Your instructions :: The data below contains pictures, which are to be skipped; the lines starting at the line with "圖說：1972年菜寮溪採化石留影" and ending at the line with "Підключення по фтп" are to be output exactly, both ends included.

Task data ::
—————
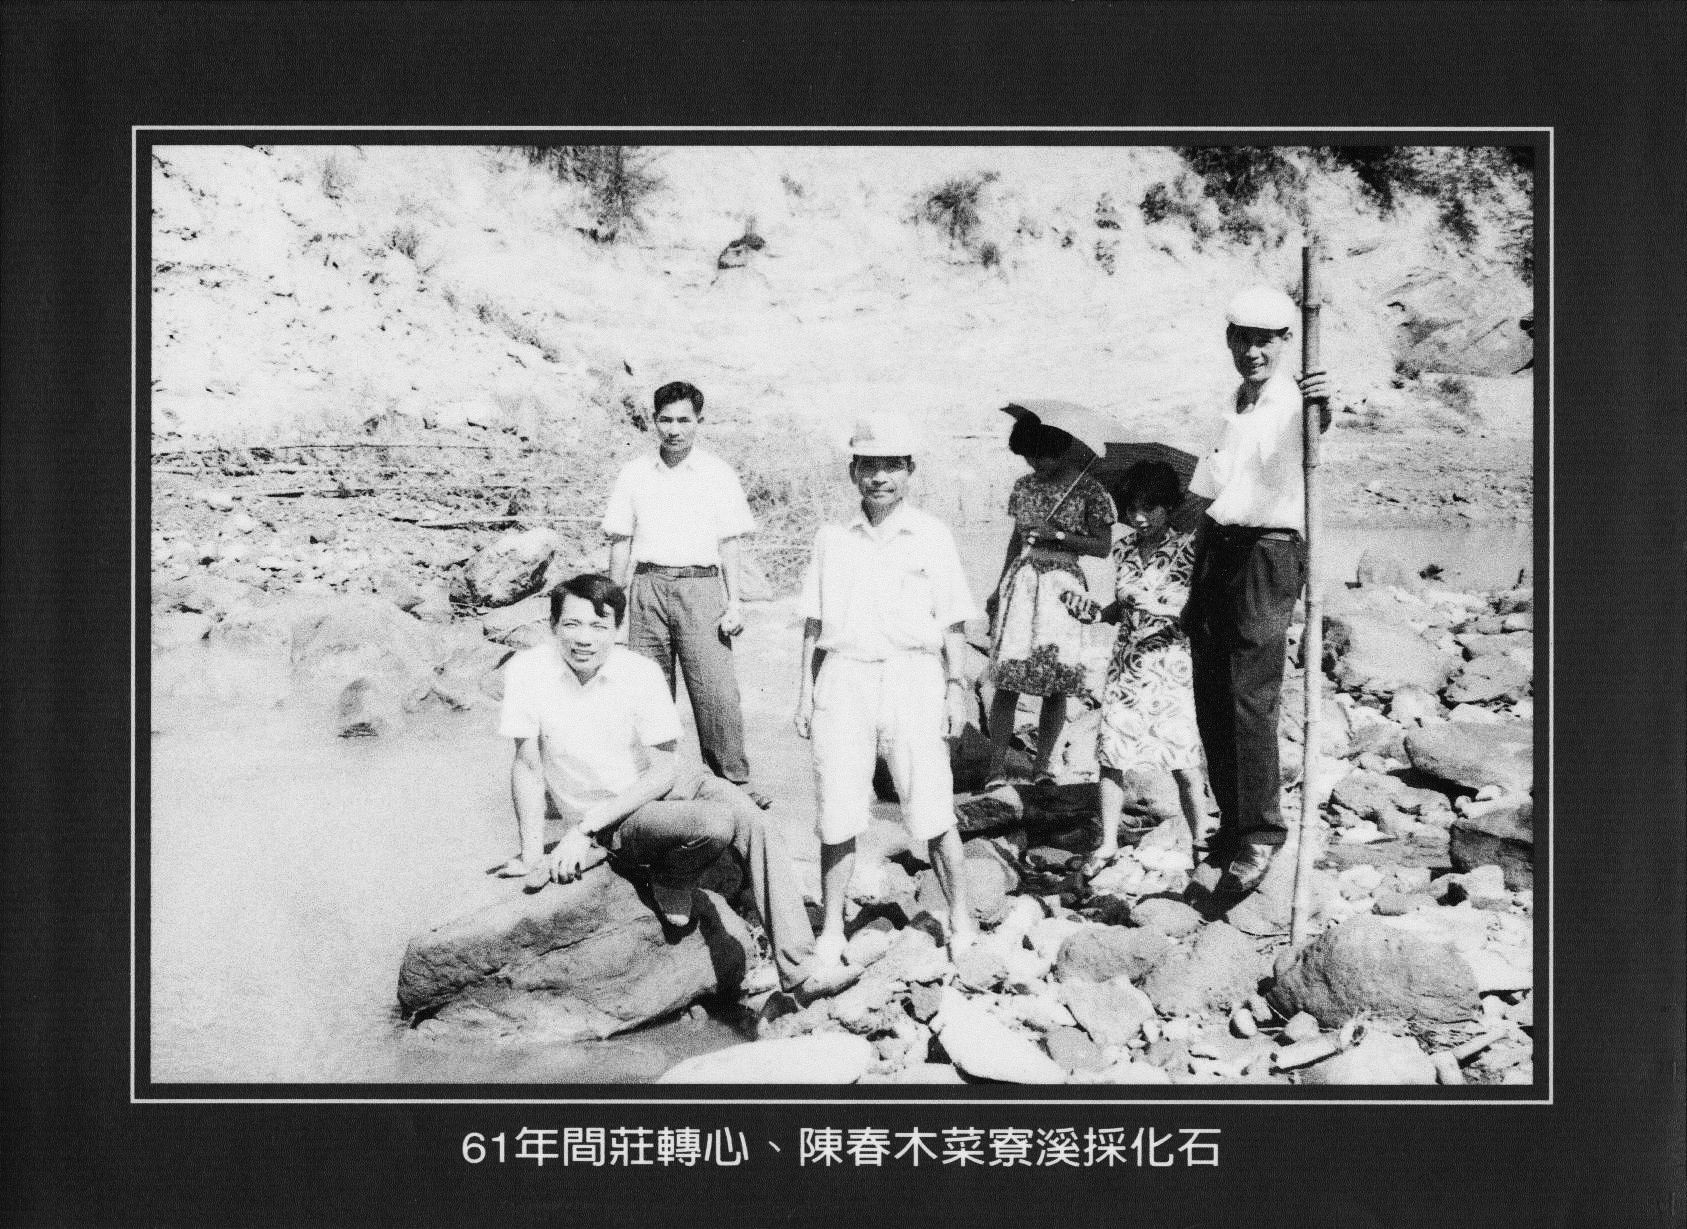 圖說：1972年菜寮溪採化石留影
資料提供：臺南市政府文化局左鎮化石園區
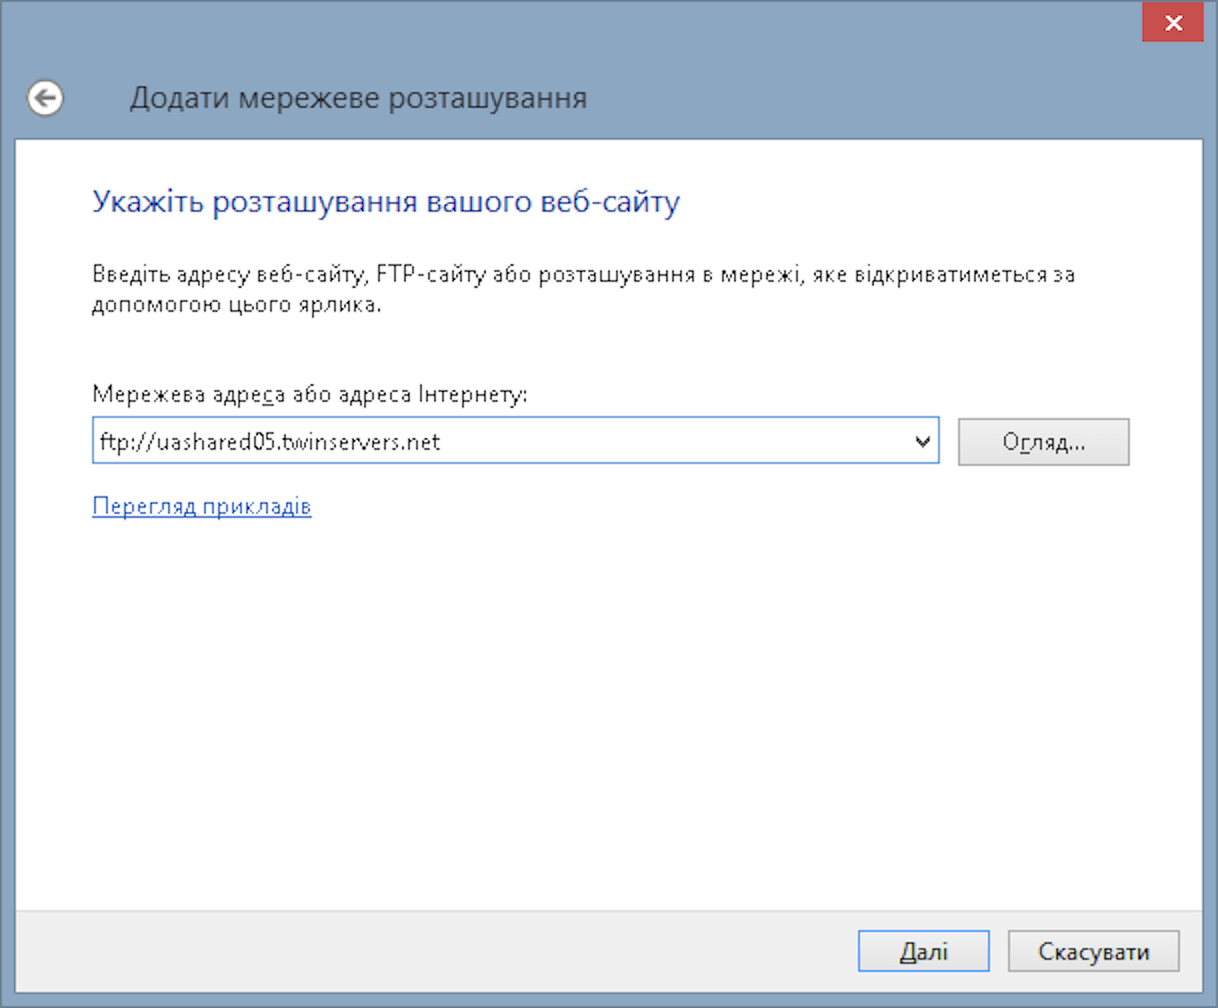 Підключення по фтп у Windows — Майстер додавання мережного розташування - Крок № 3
—————
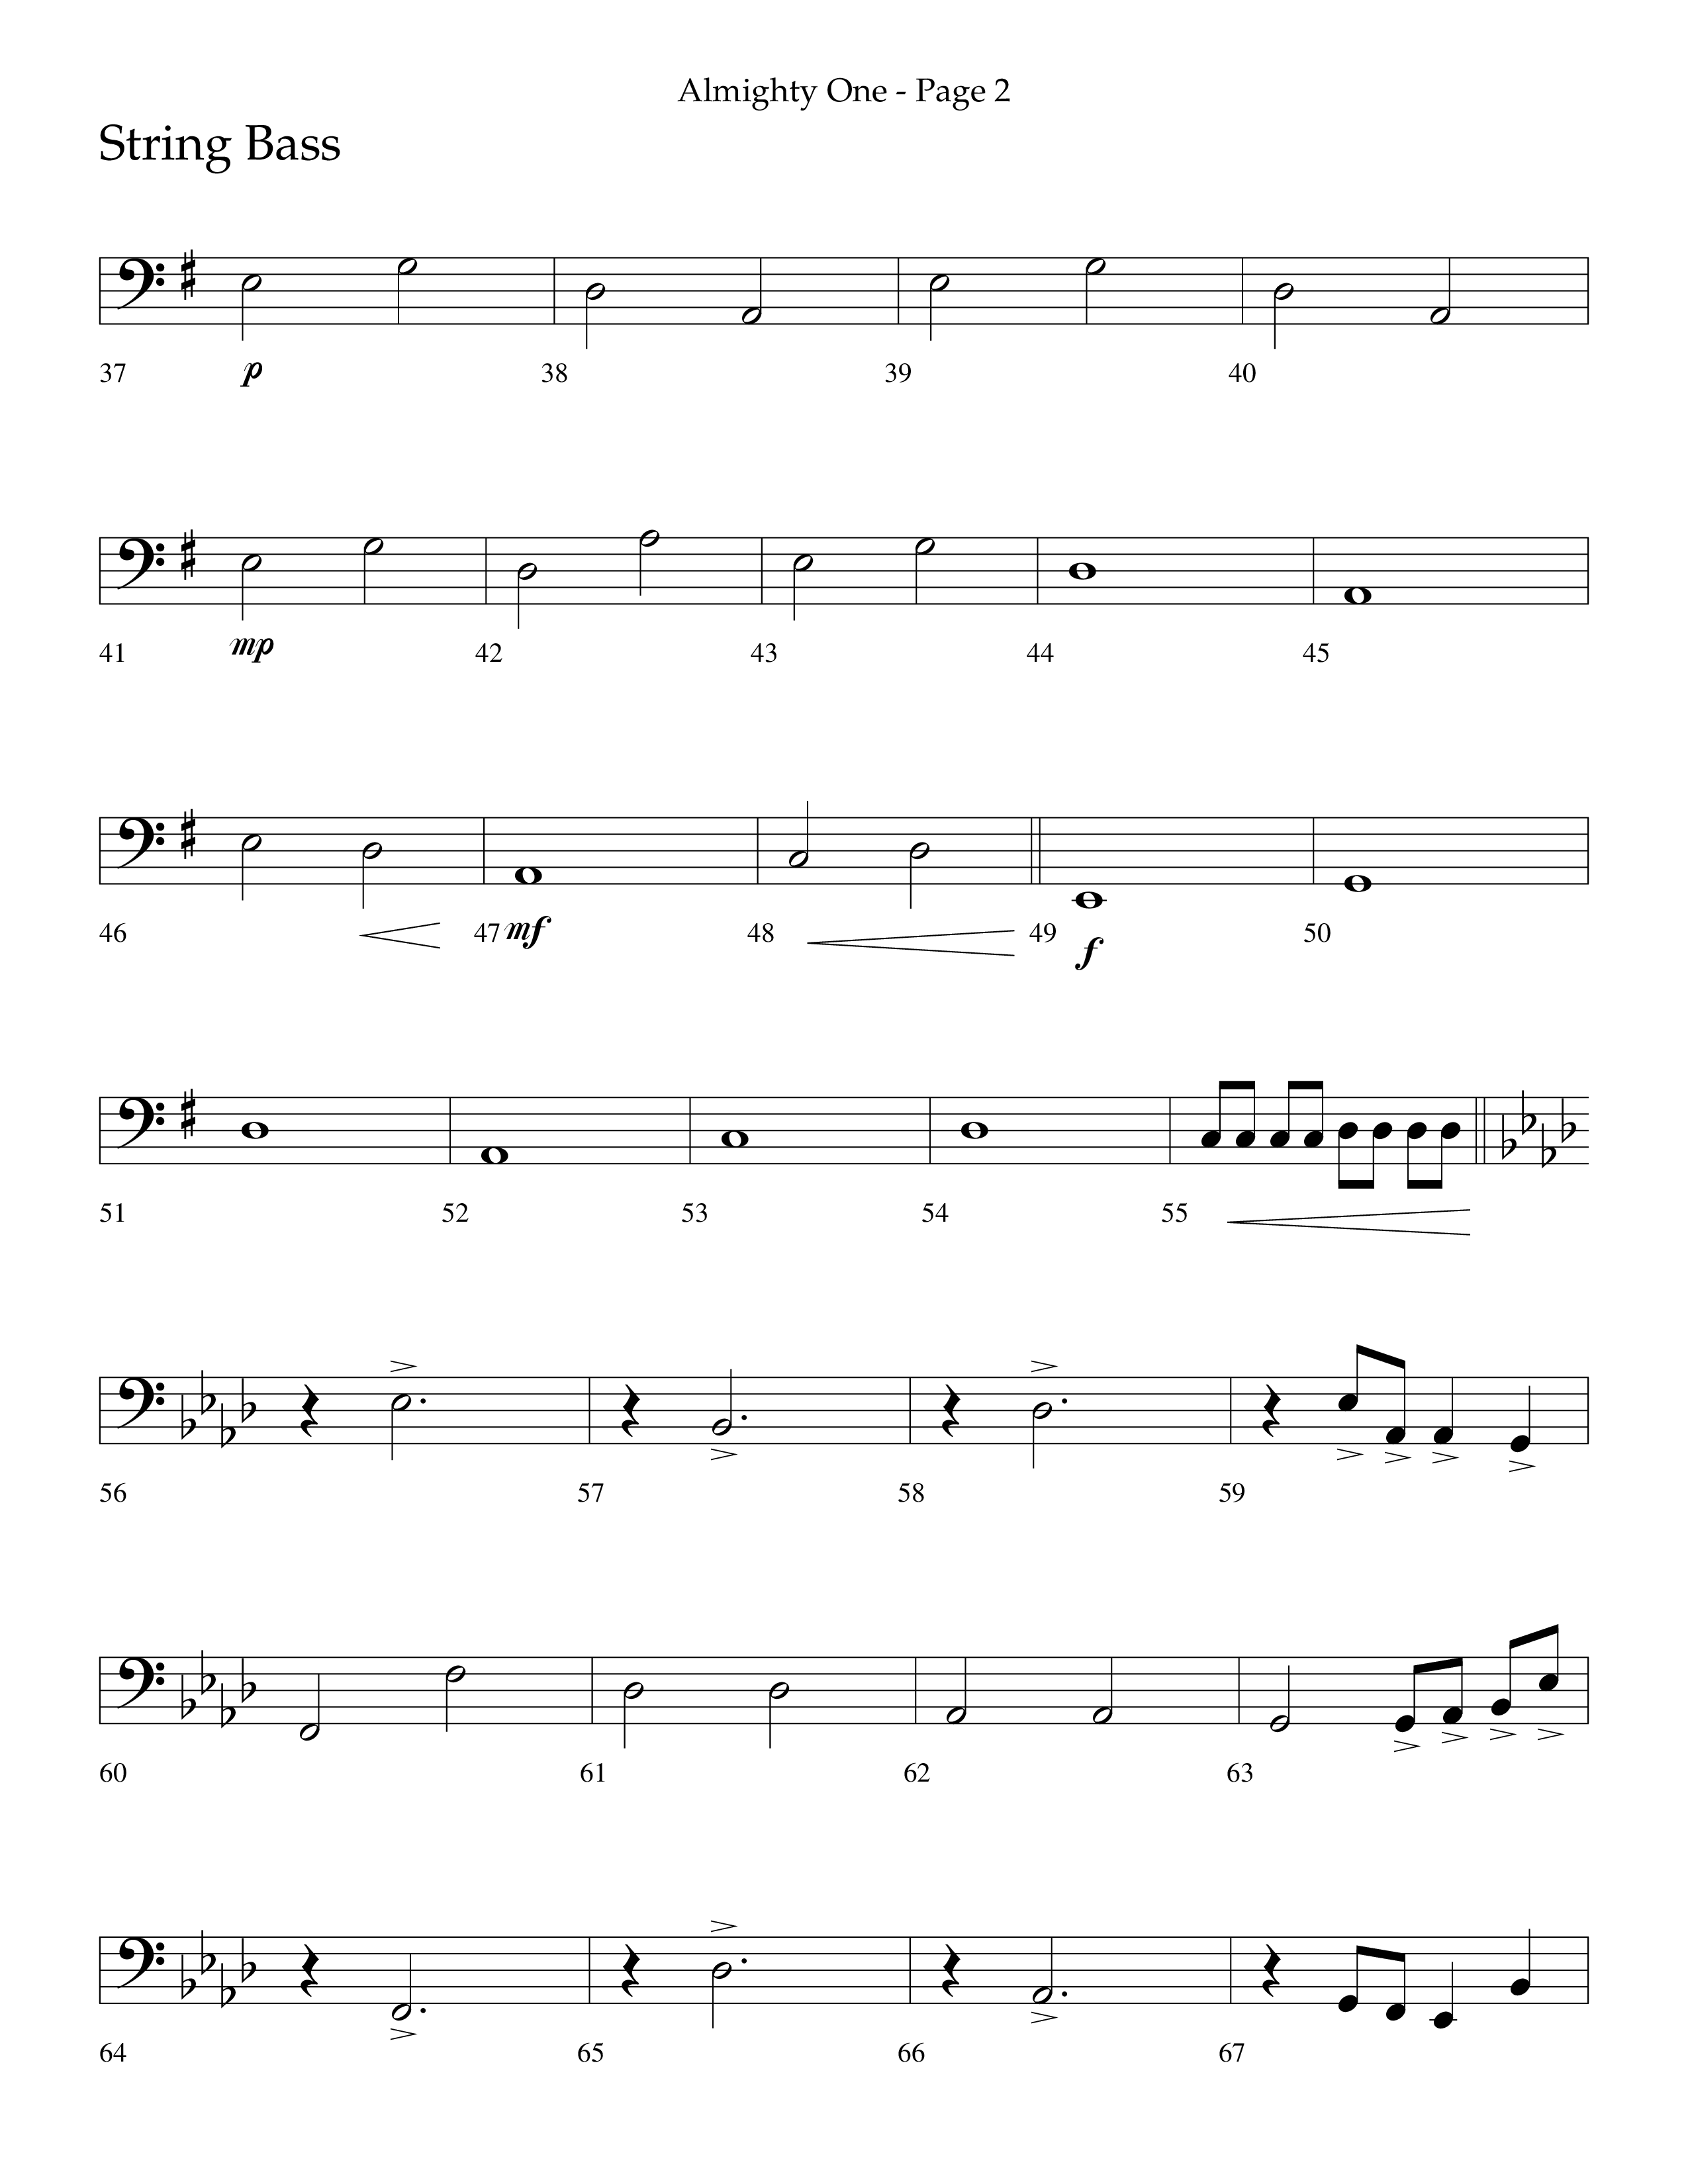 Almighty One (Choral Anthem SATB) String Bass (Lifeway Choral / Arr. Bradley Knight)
—————
Answer to the problem ::
 圖說：1972年菜寮溪採化石留影
資料提供：臺南市政府文化局左鎮化石園區
 Підключення по фтп у Windows — Майстер додавання мережного розташування - Крок № 3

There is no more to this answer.